The HDAC4 expression in PBMCs was detected using the following kits: Trizol (No. Cat: R0016, Beyotime, China), cDNA Synthesis Kit with gDNA EZeraser (No. Cat: D7180S, Beyotime, China), and Talent qPCR PreMix (SYBR Green) (No. Cat: FP209, TianGen Biotech, China). GAPDH was set as a reference for normalization, and the PBMC HDAC4 expression was figured out via the 2^-∆∆Ct method (the median value of CPS was set as control ‘1’). The list of primers used can be found in Supplementary Table S1.

Statistical analysis

Data analyses were completed using SPSS 26.0 (IBM, USA) software. Data were described as mean ± standard deviation (SD), median with interquartile range (IQR), or number with percentage. The comparison between groups was analyzed by the student t-test, Chi-square test, or Mann-Whitney U test. The correlation analyses were conducted using Spearman’s test. All the clinical characteristics of stroke patients were included in the univariate logistic regression analyses. The independent factors of PSCI risk were explored by the forward-stepwise multivariate logistic regression analysis. The predictive ability of HDAC4 expression or the combined factors (independent risk factors in the multivariate analysis) was shown by receiver operator characteristic (ROC) curves. A P value less than 0.05 was considered statistical significance.

Results

Characteristics of patients

PSCI patients had a mean age of 68.5 ± 7.5 years, consisted with 35 (50.7%) males and 34 (49.3%) females; there were 43 (62.3%) patients with multifocal disease and 21 (30.4%) patients with stroke recurrence. CPS patients had a mean age of 63.9 ± 8.4 years with 45 (64.3%) males and 25 (35.7%) females; 26 (37.1%) patients had multifocal disease and 11 (15.7%) patients had stroke recurrence.
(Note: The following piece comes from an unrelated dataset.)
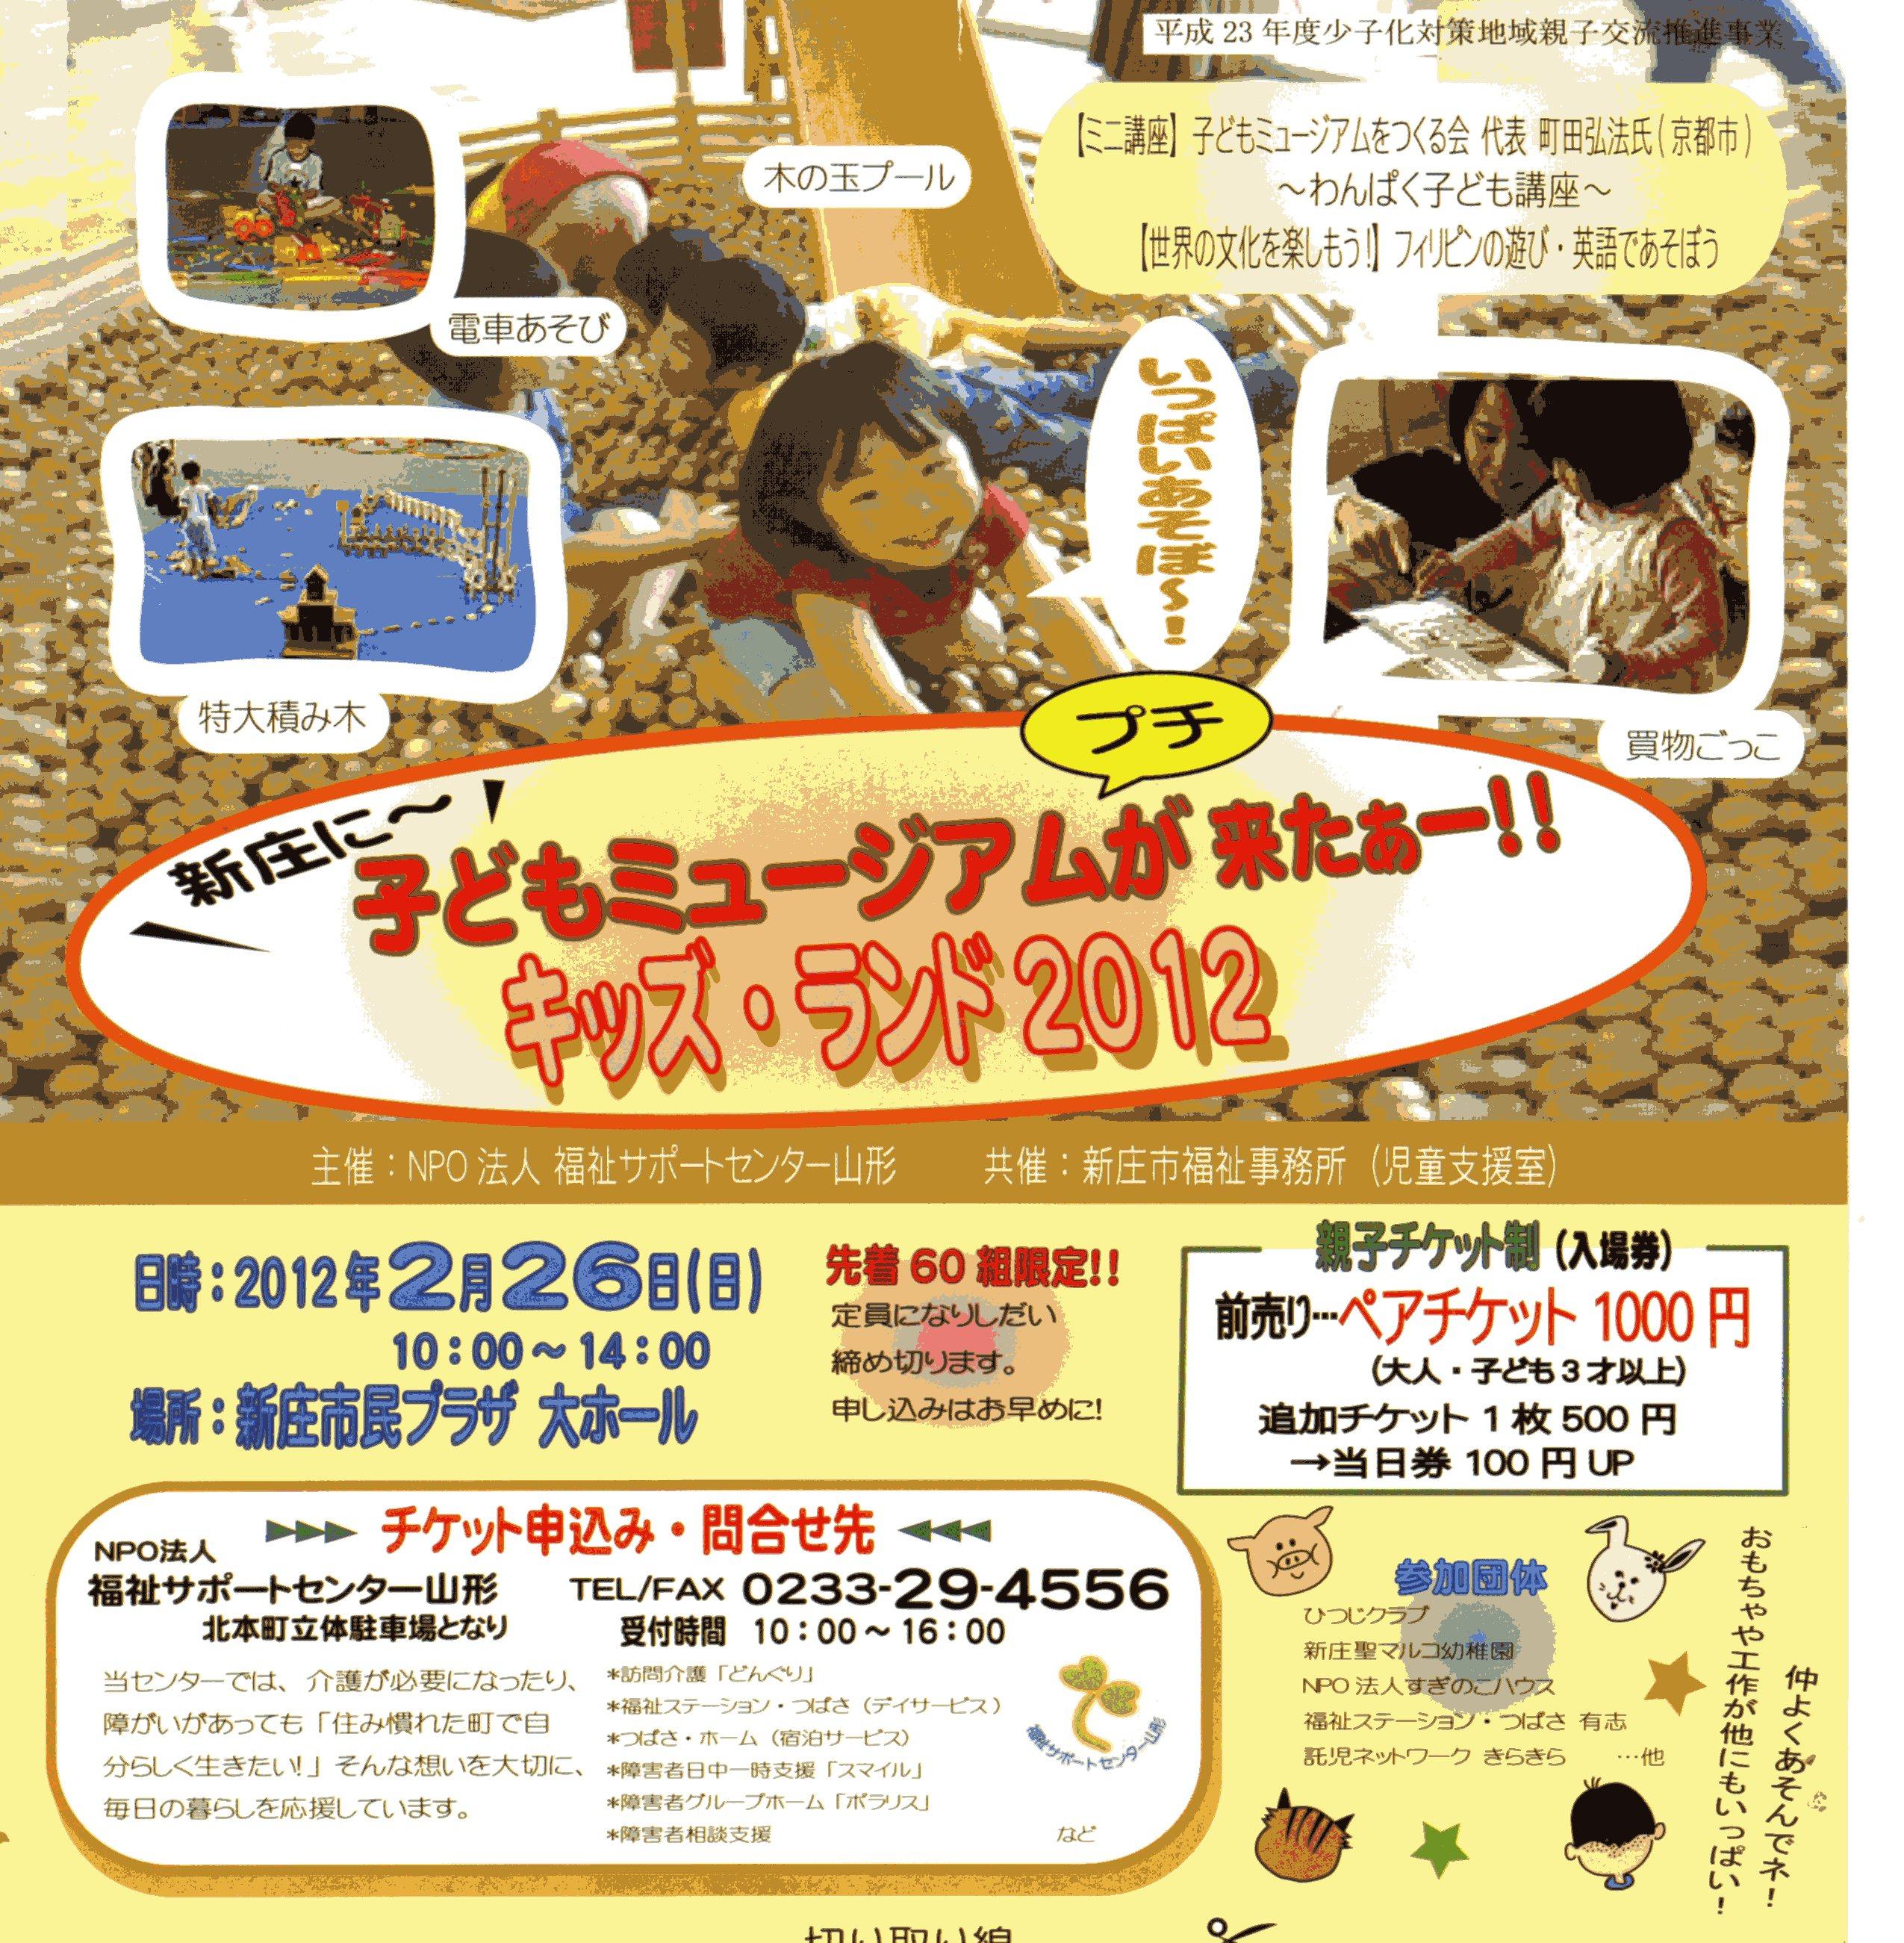 f:id:nagamimiya:20120216073509j:image:w640

PSCI patients had a higher mean age (P = 0.001), less advanced education degree (P = 0.034), and higher proportions of history of diabetes (P = 0.026), multifocal disease (P = 0.003), and stroke recurrence (P = 0.039) compared with CPS patients. Moreover, the proportion of Th17 cells [median (IQR): 3.0 (2.4-4.2) % vs. 2.4 (2.0-3.6) %, P = 0.015] and IL-17A level [median (IQR): 71.7 (56.5-94.2) pg/mL vs. 54.9 (42.5-95.1) pg/mL, P = 0.005] were both higher in PSCI patients compared with CPS patients. Other characteristics, including sex, BMI, nationality, history of smoke, history of hypertension, history of hyperlipidemia, and stroke type, were not different between PCSI patients and CPS patients. More detailed information is presented in Table 1.

Table 1.

Clinical characteristics of stroke patients.

§1. To test the normality of continuous variables, the Kolmogorov-Smirnov test was employed. Age and BMI were described as mean ± standard deviation, which followed a normal distribution. Th17 cells and IL-17A were described as median (interquartile range), following nonnormal distribution. Other dichotomous variables left in the table were described as numbers (percentages).
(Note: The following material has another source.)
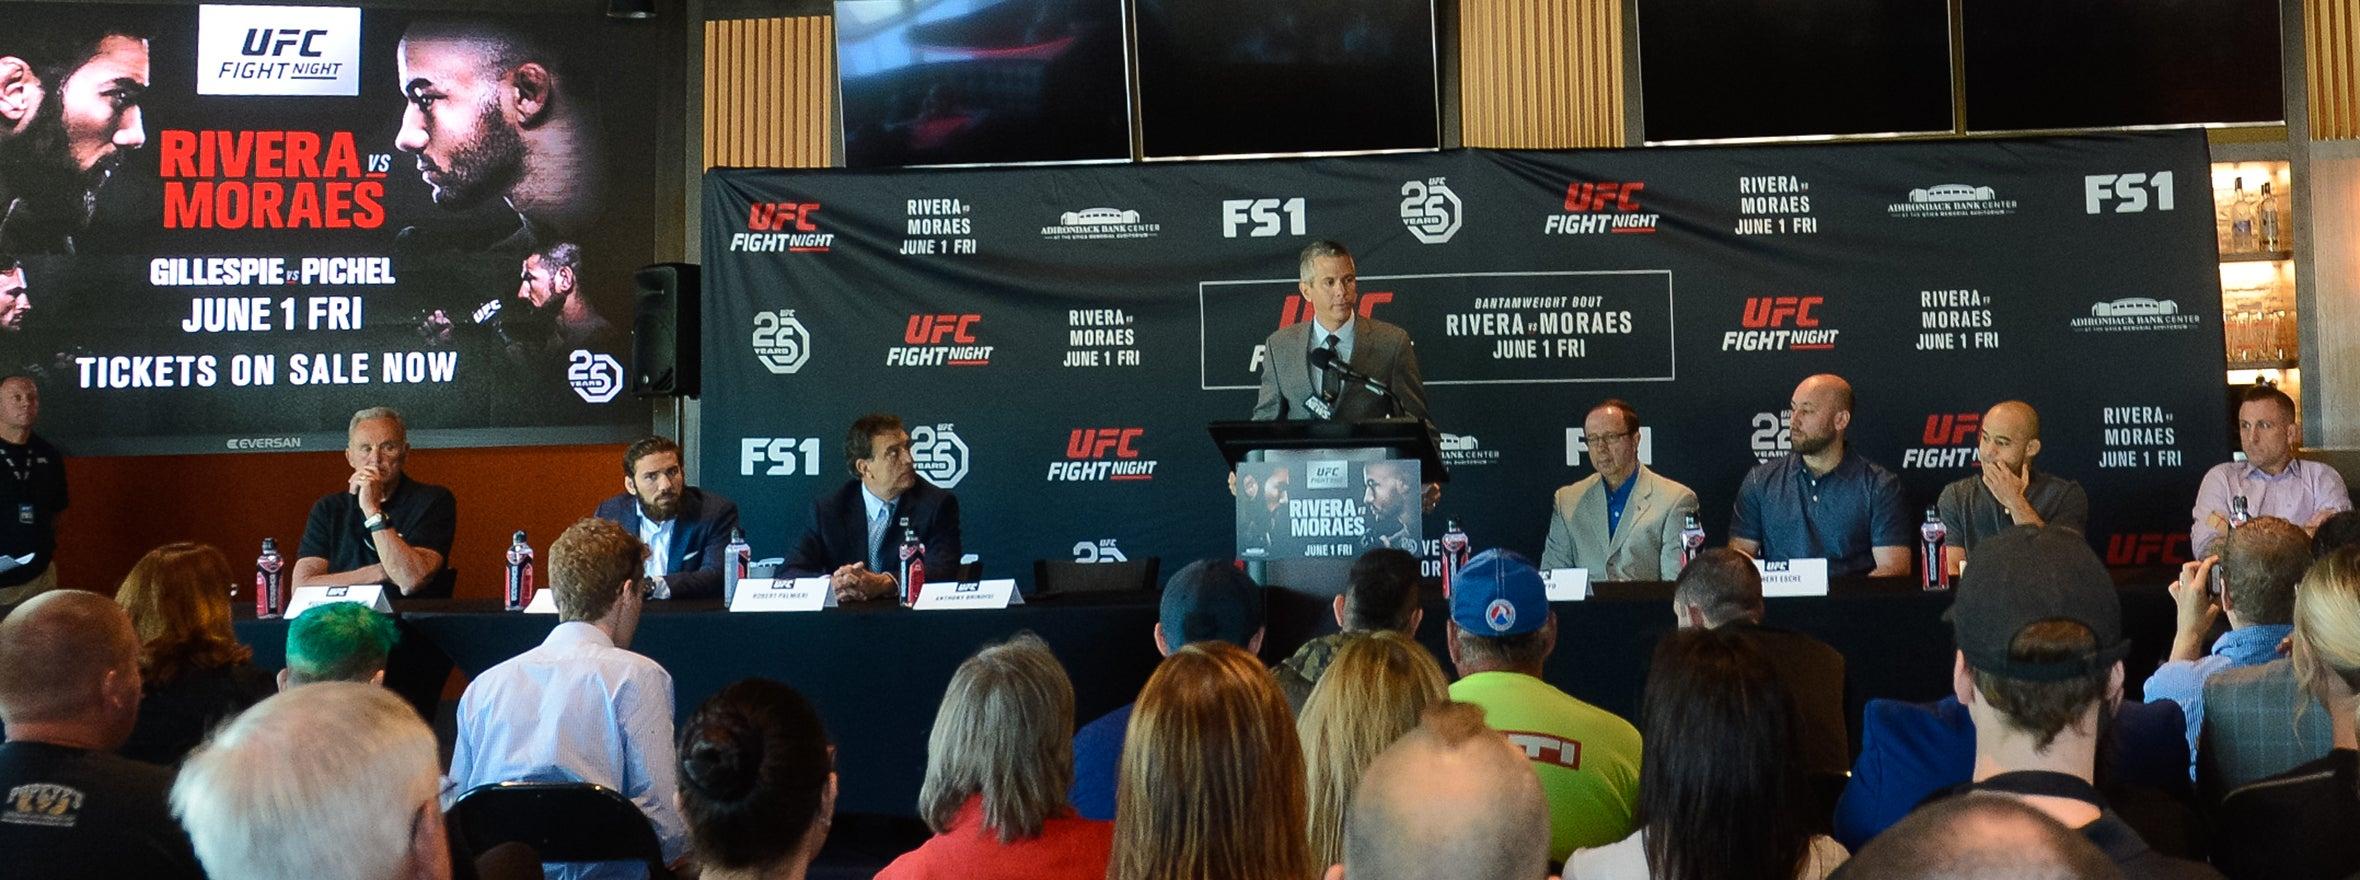 UFC NEWS CONFERENCE KICKS OFF FIGHT WEEK

§2. The superscript ‘a’ represented that the student t-test determined the P value between PSCI patients and CPS patients, and the corresponding effect size was ‘t’. The superscript ‘b’ represented that the Chi-square test determined the P value between PSCI patients and CPS patients, and the corresponding effect size was ‘Chi-square’. The superscript ‘c’ represented that the P value was determined by the Mann-Whitney U test between PSCI patients and CPS patients, and the corresponding effect size was ‘Z’.

§3. The data for Th17 cells were partially missing. In PSCI patients, data for 6 patients were missing, whereas in CPS patients, data for 12 patients were missing.

PSCI, post-stroke cognitive impairment; CPS, control post-stroke; BMI, body mass index; Th17 cells, T helper 17 cells; IL-17A, interleukin-17A.

HDAC4 expression in stroke patients

The median (IQR) HDAC4 expression in stroke patients was 0.90 (0.68-1.36). Comparison analysis showed that HDAC4 expression was reduced in PSCI patients compared with CPS patients [median (IQR): 0.80 (0.55-1.08) vs. 1.00 (0.76-1.66), P = 0.001] (Fig. 1).

Fig. 1.

HDAC4 expression in total stroke patients, PSCI patients, and CPS patients.

Mann-Whitney U test was used to analyze the difference in HDAC4 expression between CPS and PSCI patients.

Relationship of HDAC4 expression with stroke patients’ characteristics and Th17 cells

HDAC4 was negatively correlated with age in stroke patients (r = ­0.247, P = 0.003). Meanwhile, lower HDAC4 expression was associated with history of diabetes (P = 0.012) and stroke recurrence (P = 0.001). However, no relationship was found in HDAC4 expression with BMI, sex, nationality, education degree, history of smoke, history of hypertension, history of hyperlipidemia, multifocal disease, or stroke type (all P > 0.05) (Table 2).

Moreover, HDAC4 expression was negatively correlated with Th17 cells (P = 0.027) and IL-17A (P = 0.002). Th17 cells and IL-17A were positively correlated with each other (P < 0.001) (Table 3).

Table 2.

Correlation of HDAC4 expression with characteristics of stroke patients.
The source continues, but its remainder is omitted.